• SOURCE RECORDS
BEGIN

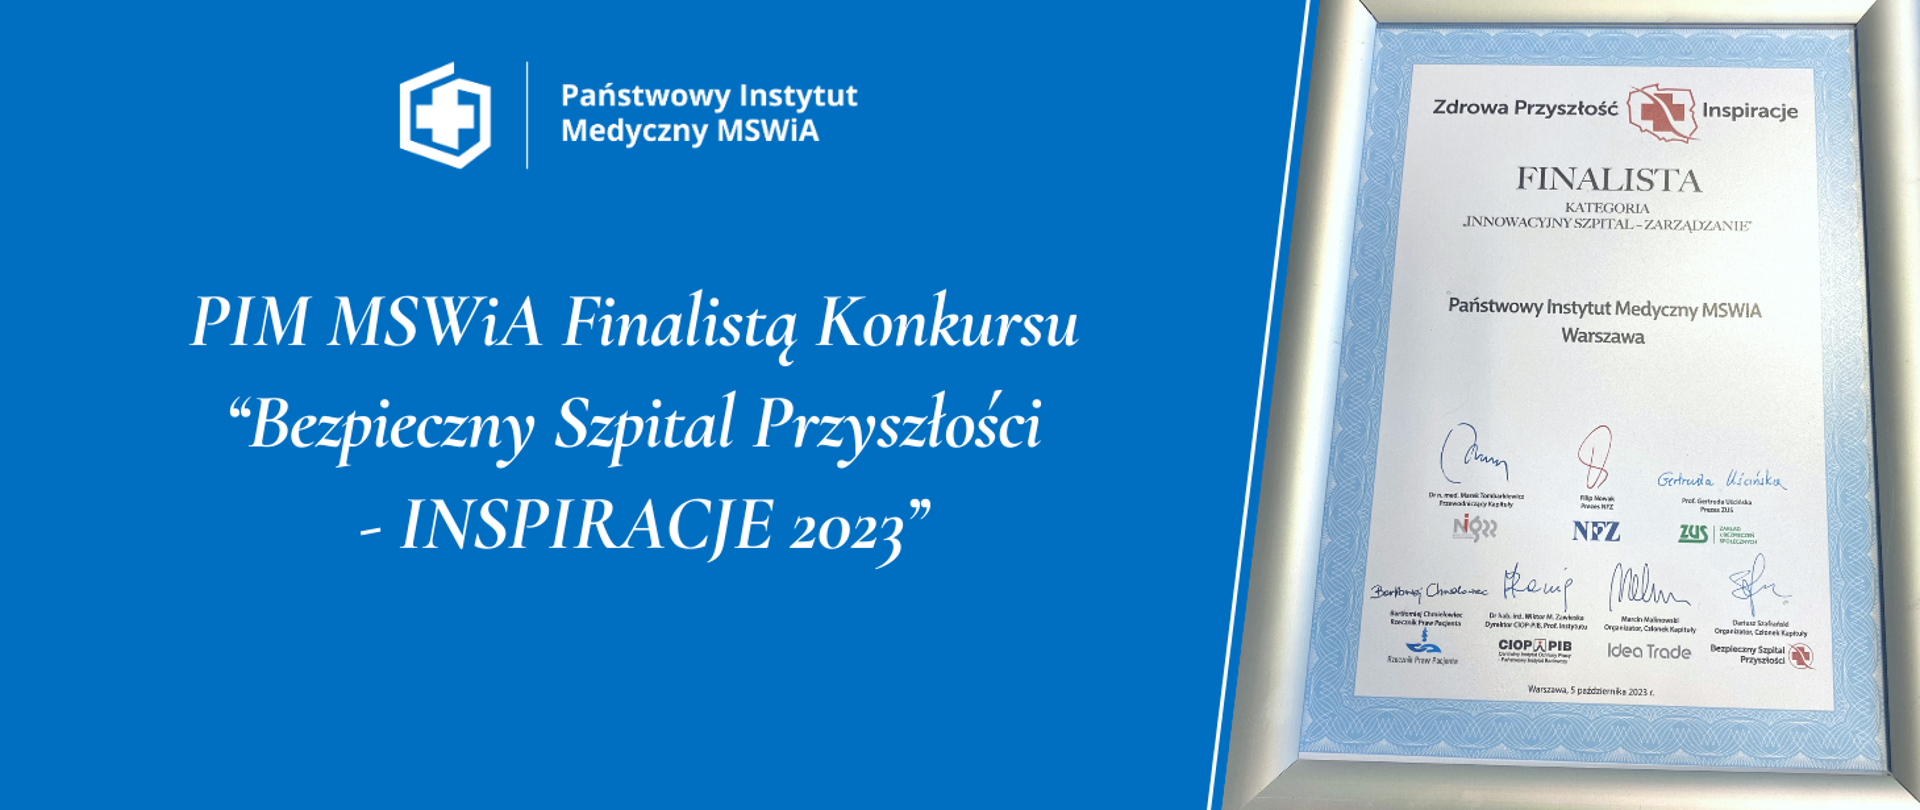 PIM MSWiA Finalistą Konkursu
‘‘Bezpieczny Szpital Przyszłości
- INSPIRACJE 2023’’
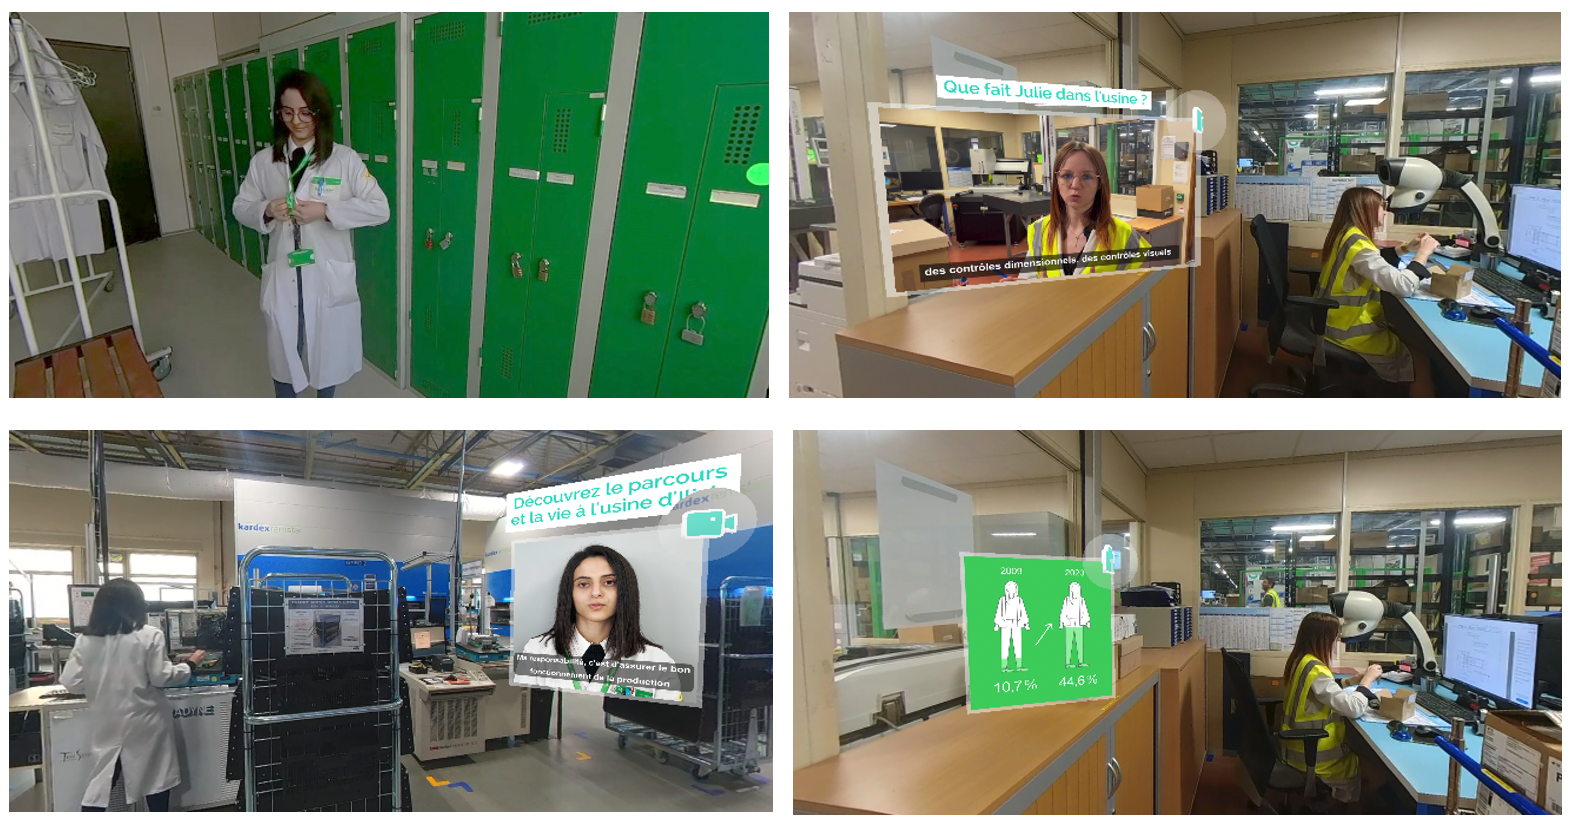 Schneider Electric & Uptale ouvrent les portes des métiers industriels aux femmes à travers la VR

END
BEGIN

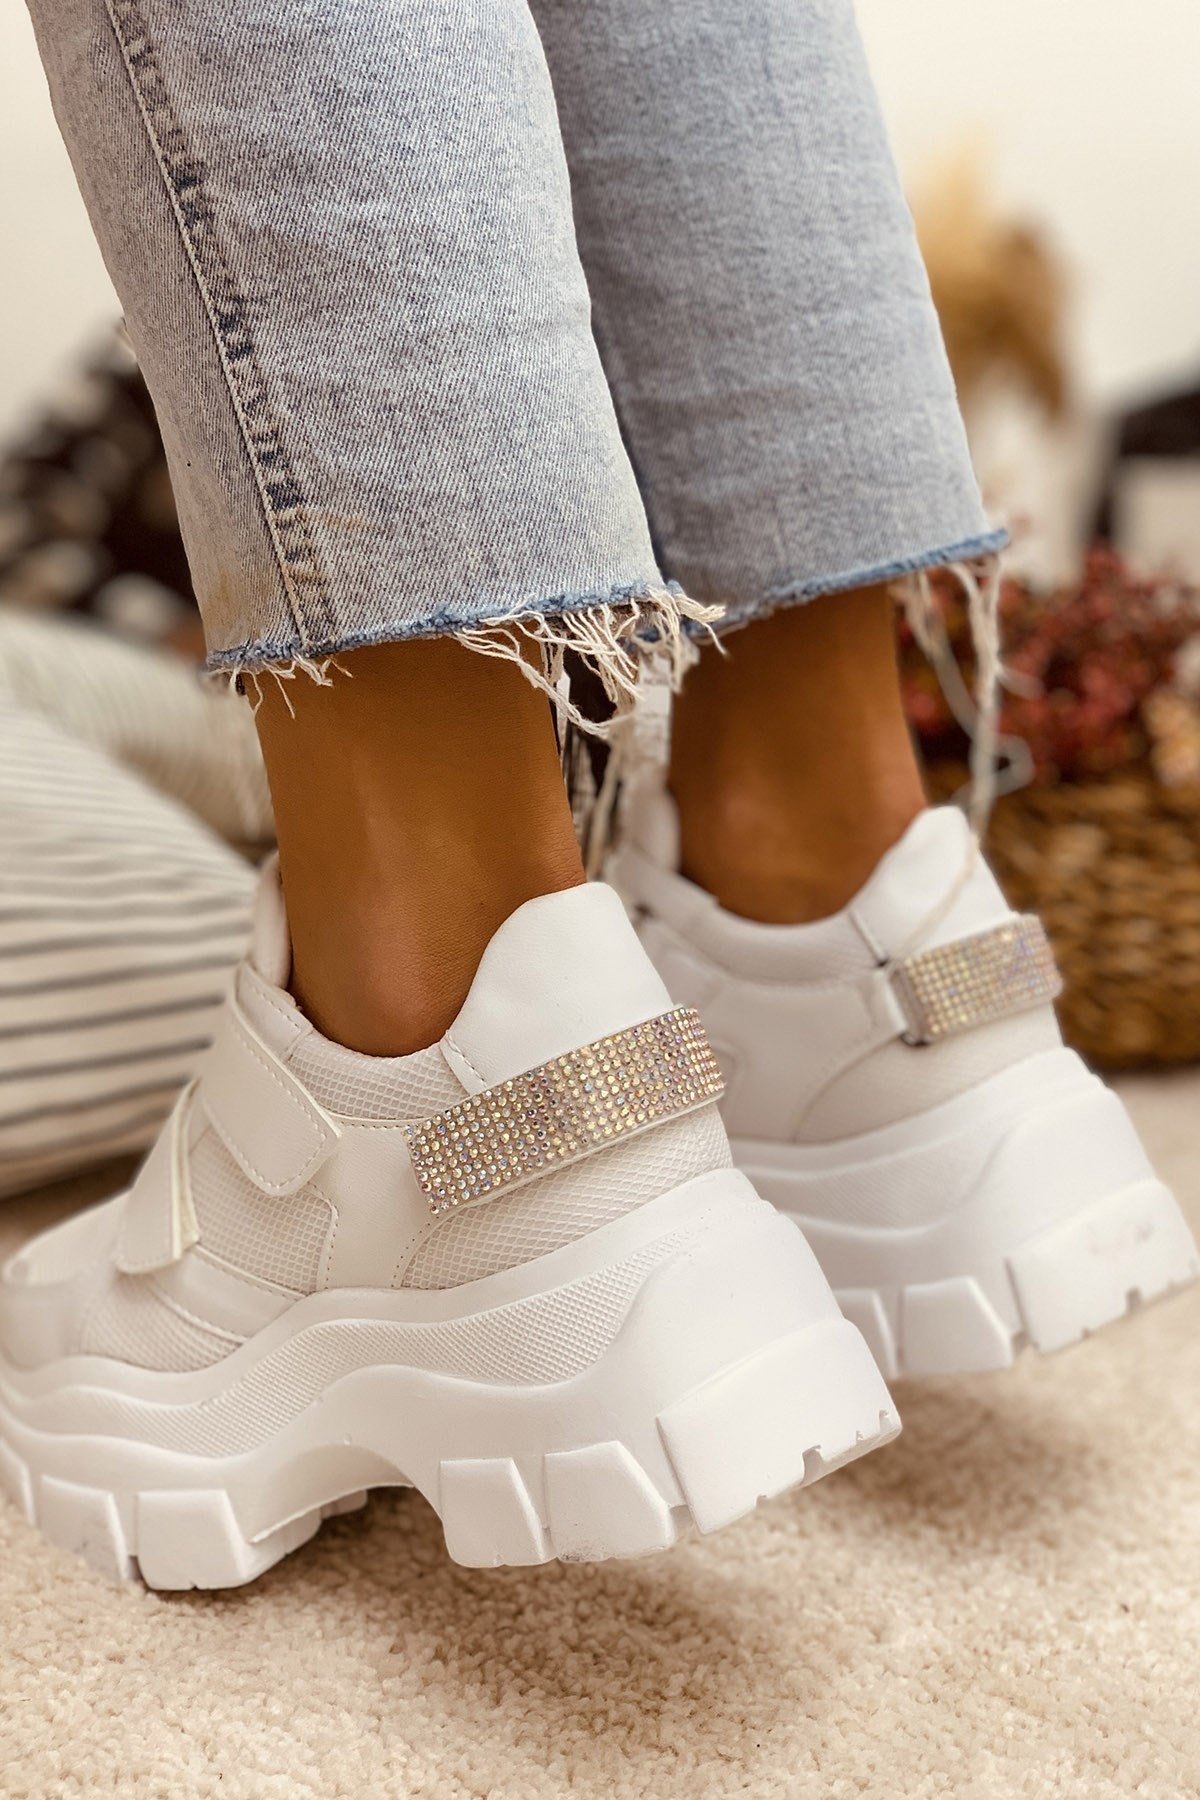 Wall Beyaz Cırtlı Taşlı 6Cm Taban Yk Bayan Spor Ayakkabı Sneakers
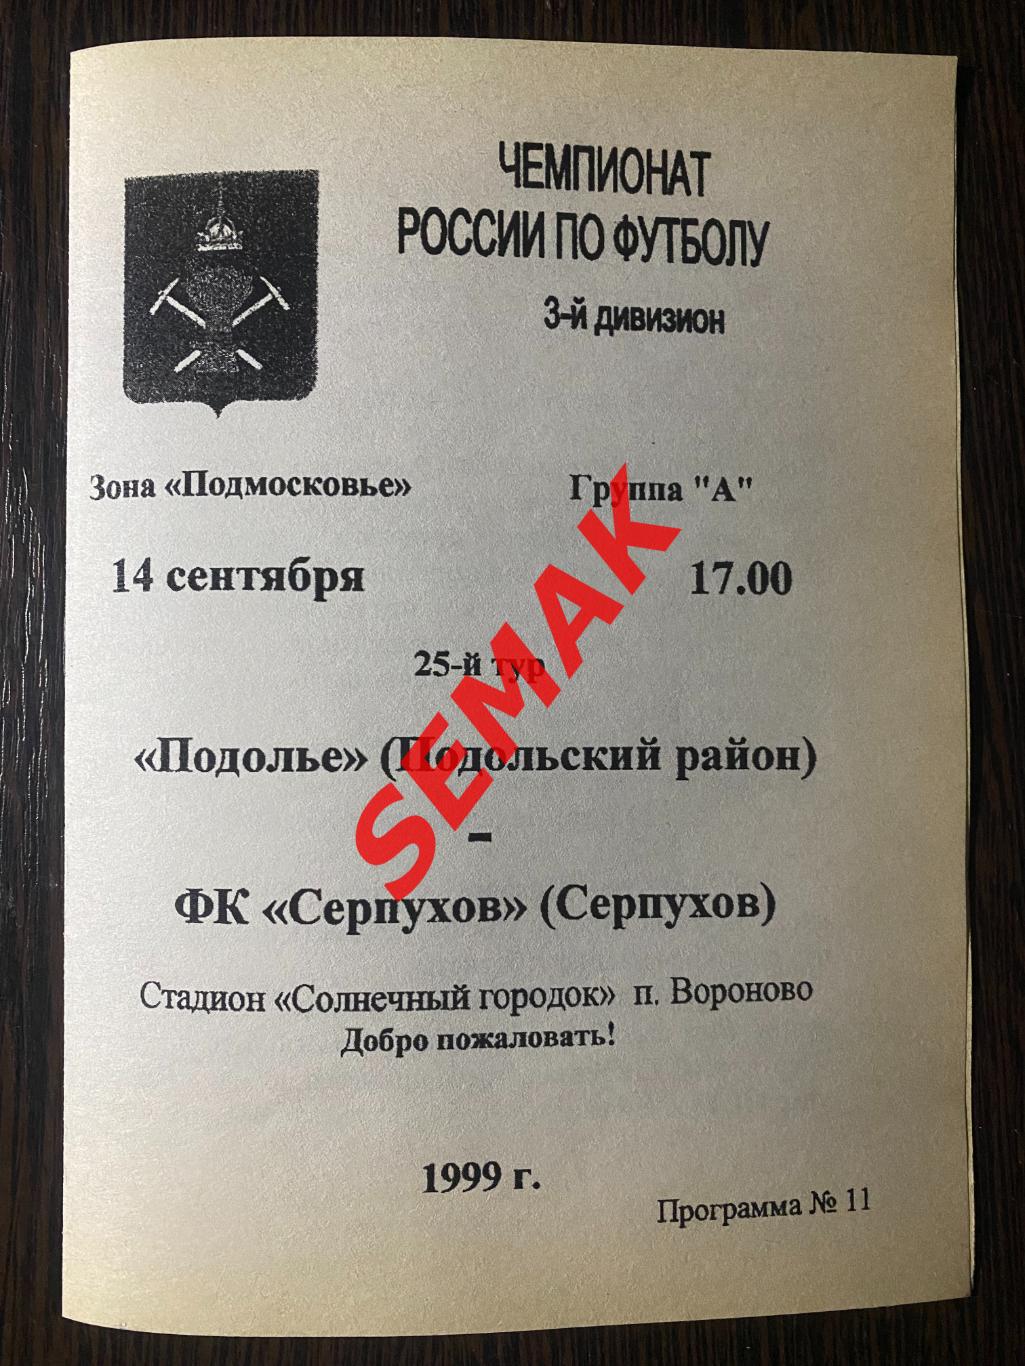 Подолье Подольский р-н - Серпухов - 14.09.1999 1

END

Transcribe, word for word, the stretch of lines in the data above from the one with "- INSPIRACJE 2023’’" through the one with "Schneider Electric &"; omit all pictures.

- INSPIRACJE 2023’’
 Schneider Electric & Uptale ouvrent les portes des métiers industriels aux femmes à travers la VR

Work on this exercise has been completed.